前回飛ばしてしまったので、今日は取り上げたい。

>  愛媛県今治市が「海の景気」に沸く。市内の波止浜(はしはま)湾には今治造船など7社の造船ドックが集まる。進水式のシャンパンが二度、三度と割られる日も珍しくない。

海運の好況が伝わってくる。
非定期船の運賃指数となるバルチック指数は10000を越えた。
定期船運賃との乖離が著しくなっており、バブルを懸念する声があるものの、造船業界が好況にあることは確かである。
今治市の活況は今に始まった話ではない。
5年ほど前からの話である。

> 「つくる」だけでない。船を所有し、海運会社に貸し出す船主ビジネスも盛んだ。市内には50社強の船主会社があり、保有する船の総数は世界の国際貨物船の約4%に当たる650隻を超える。「エヒメ船主」はギリシャ、北欧、華僑と並ぶ世界四大船主の一角を占める。
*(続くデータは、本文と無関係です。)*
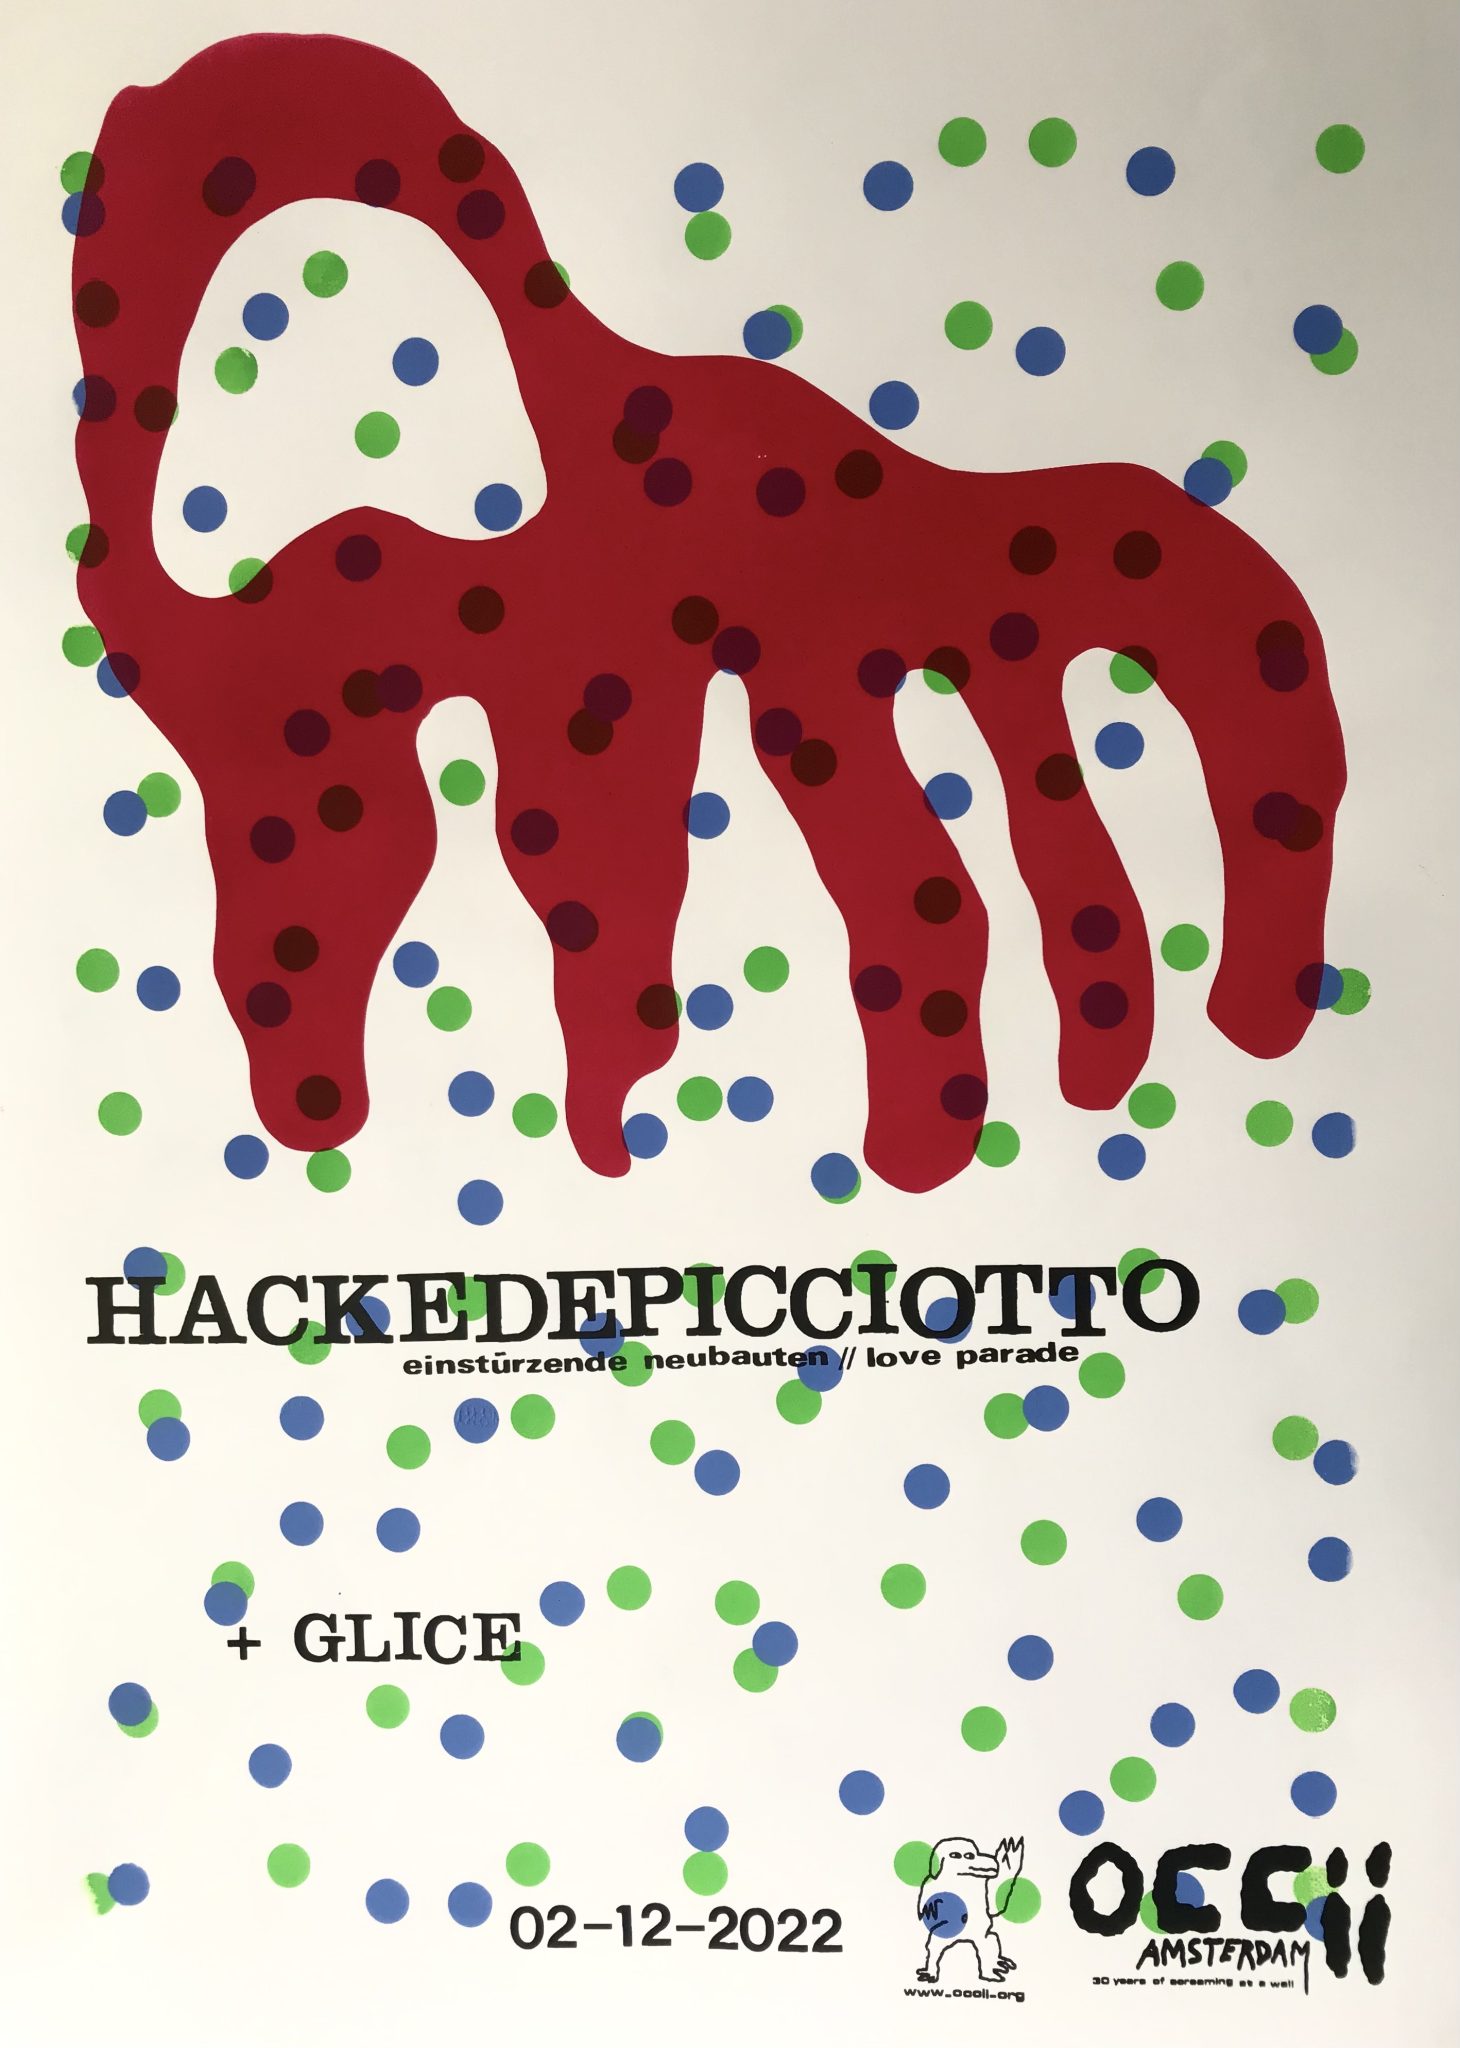 HACKEDEPICCIOTTO (DE) + GLICE + DJ BENCE (Archaic Inventions)))

今では欧州やアジアの海運会社が船の調達に今治に通うようになった。

このあたりは、バブル崩壊の反省も踏まえて、ビジネスモデルの再構築を進めた結果でしょう。

この後失敗例などが記されているが略します。

結論部。

>  最近の世界経済で目を引くのは、アイルランドやフィンランドなど人口1000万人に満たない元気な小国だ。これらの国はITを軸に独自の産業集積を実現し、世界の中で存在感を獲得した。九州の人口はオランダ並みであるなど、各ブロックの人口や経済規模は欧州の小国に匹敵する。「自分たちの強みは何か」という問いかけを起点に、経済再興の道筋を探るときだろう。

アイスランドも成功している国だと思うね。
水素ガスステーション構想なんて、実現するとは思わなかったから。

日本も、国を挙げてなにかに注力することも大切。
とは言え、新技術とかにあたっては、失敗のリスクを考えておくことも必要である。
そうした場合、やはり小さいレベルからはじめて、うまく行けばそれを広げていけばよい。
ということから、改革特区とはやされたような市町村ごと、あるいは道州ごとにそれなりの権限を持たせて、いろいろと試してみればよいと思う。
成功すれば国のためにもなるのだし、言うことなしではないか。

2007/11/23(金)   銀行の決算

今日の社説。

毎日:党首会談・サッカー五輪
読売:党首会談・銀行の決算
産経:党首会談・アジア連携
朝日:党首会談・新万能細胞
日経:党首会談・銀行の決算

大手銀行の決算が出揃い、減益という内容に失望感もあれば、想定どおりの声もある。
個人的な意見を述べると、やはり利ざやが改善されなければ銀行が増益になるのは難しい。
企業向けの融資には飽和感がある。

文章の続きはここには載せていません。